Change #1163694 merged by Jcrespo:

[operations/puppet@production] dbbackups: Disable read only backups and reenable regular rw es backups

https://gerrit.wikimedia.org/r/1163694

backups for es ro are almost complete (except es5 for backup2013), almost ready to decom backup[12]002.

Migration of archival files from backup1001 also ongoing and should finish today.

This should unblock decommissioning of all hosts for next week.

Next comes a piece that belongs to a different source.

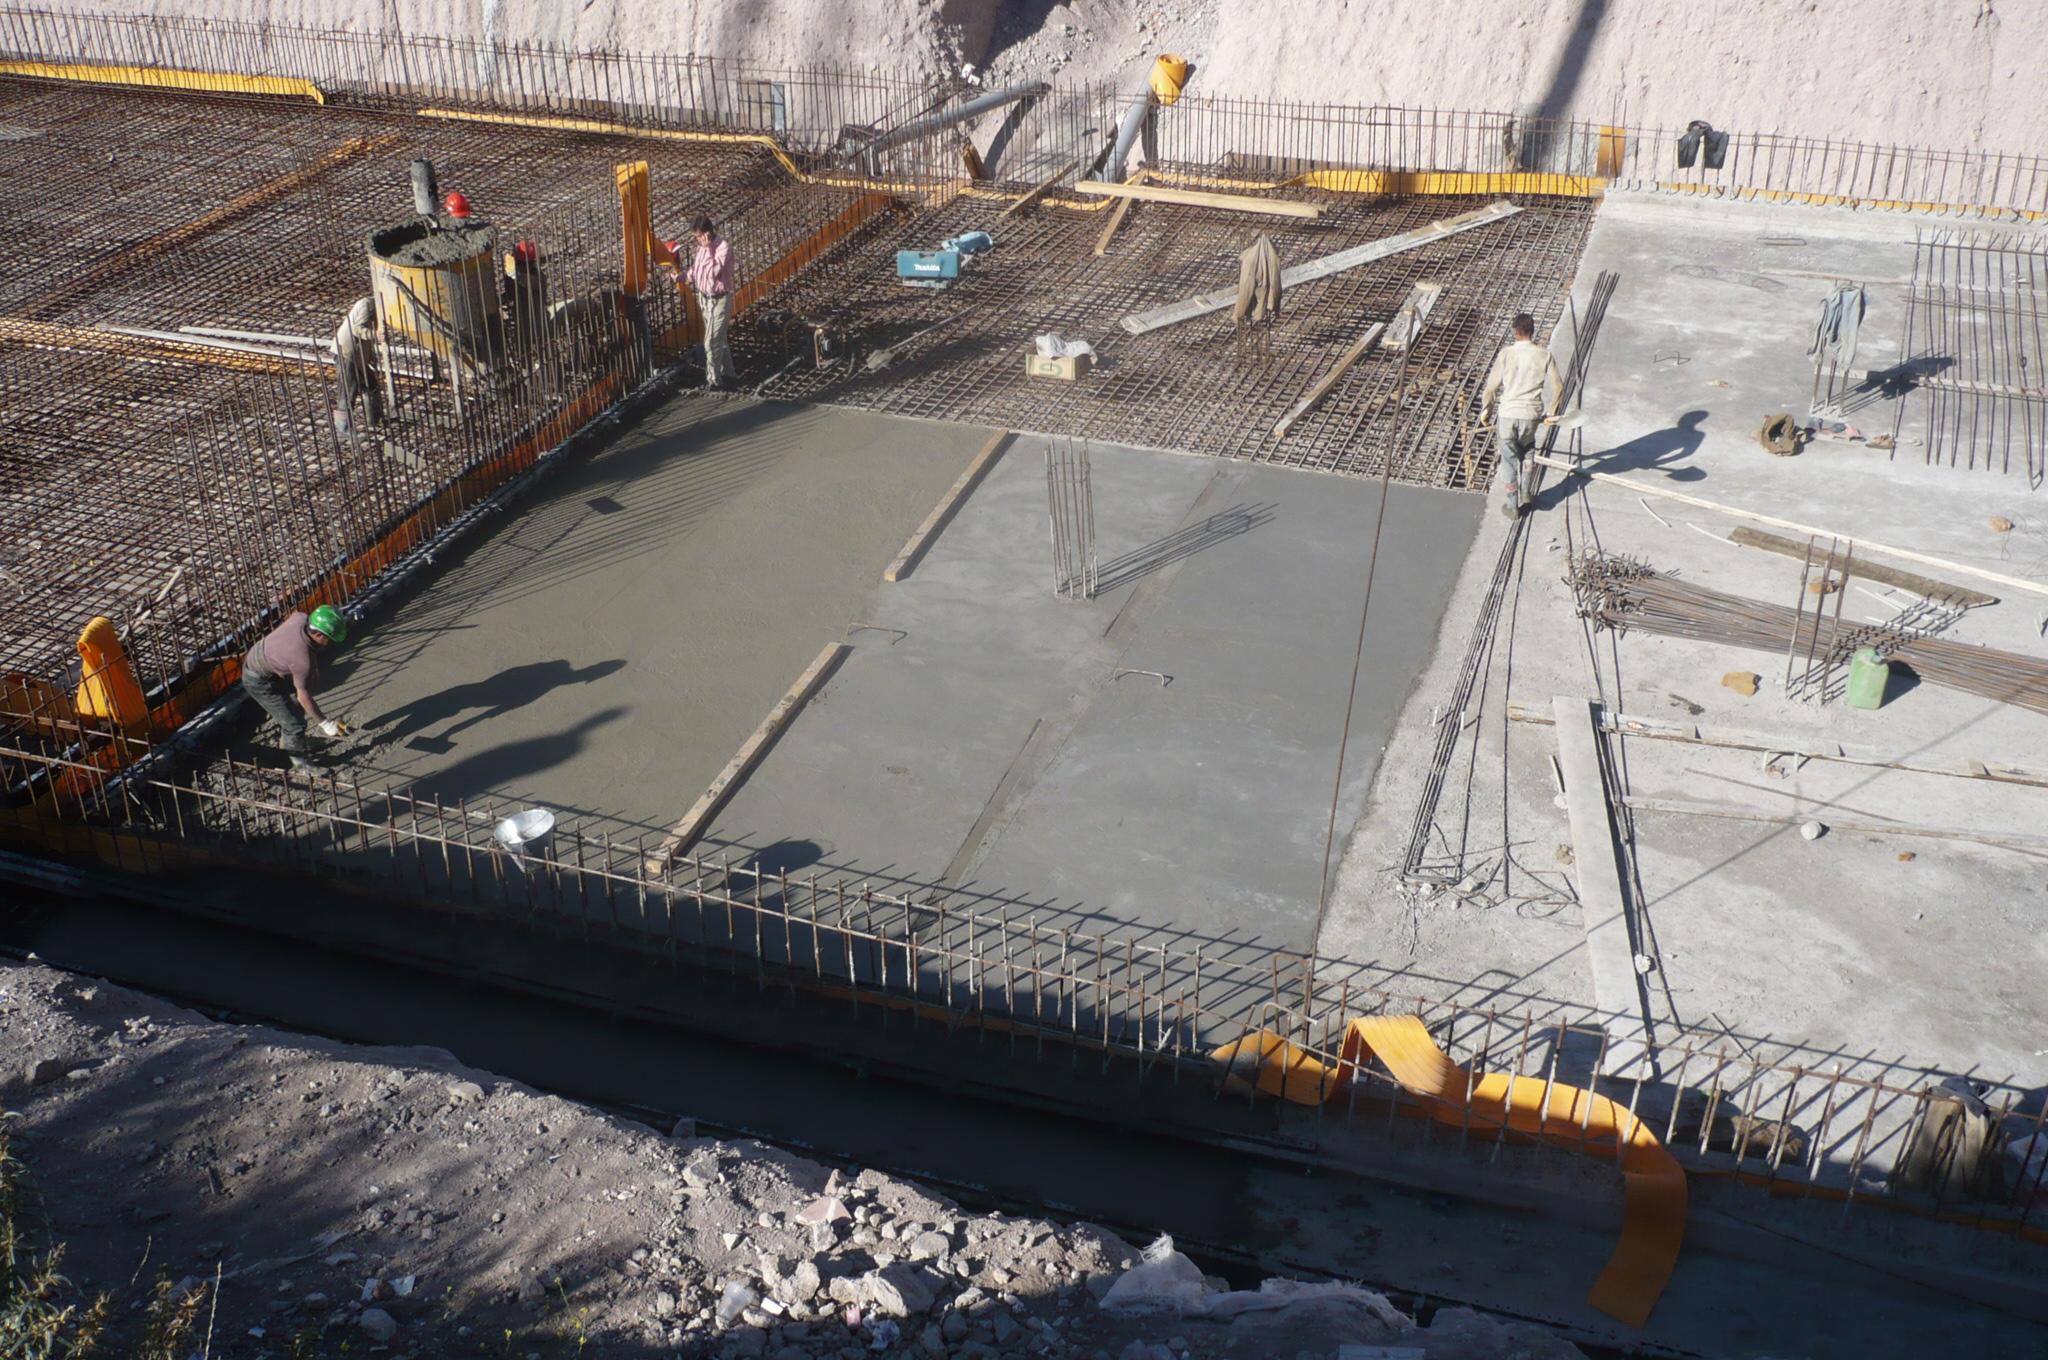 عملیات  احداث مخازن ۲۰۰۰ متر معکبی و خطوط انتقال و اصلاح آبگیر مشکین شهر

Change #1164981 had a related patch set uploaded (by Jcrespo; author: Jcrespo):

[operations/puppet@production] bacula: Remove oldmain and olddirector roles, prepare for decom backup[12]01

https://gerrit.wikimedia.org/r/1164981

Change #1164981 merged by Jcrespo:

[operations/puppet@production] bacula: Remove oldmain and olddirector roles, prepare for decom backup[12]01

https://gerrit.wikimedia.org/r/1164981

Change #1165822 had a related patch set uploaded (by Jcrespo; author: Jcrespo):

[operations/puppet@production] bacula: Remove backup1001 old backup director host from puppet

https://gerrit.wikimedia.org/r/1165822

Change #1165823 had a related patch set uploaded (by Jcrespo; author: Jcrespo):

[operations/puppet@production] bacula: Remove backup2001, old offsite backup host

https://gerrit.wikimedia.org/r/1165823

Change #1165823 merged by Jcrespo:

[operations/puppet@production] bacula: Remove backup2001, old offsite backup host

https://gerrit.wikimedia.org/r/1165823

Change #1165822 merged by Jcrespo:

[operations/puppet@production] bacula: Remove backup1001 old backup director host from puppet

https://gerrit.wikimedia.org/r/1165822

This is now finished, with just some operations to be done by dc-ops on the children tasks. From a backup perspective, the migration is complete.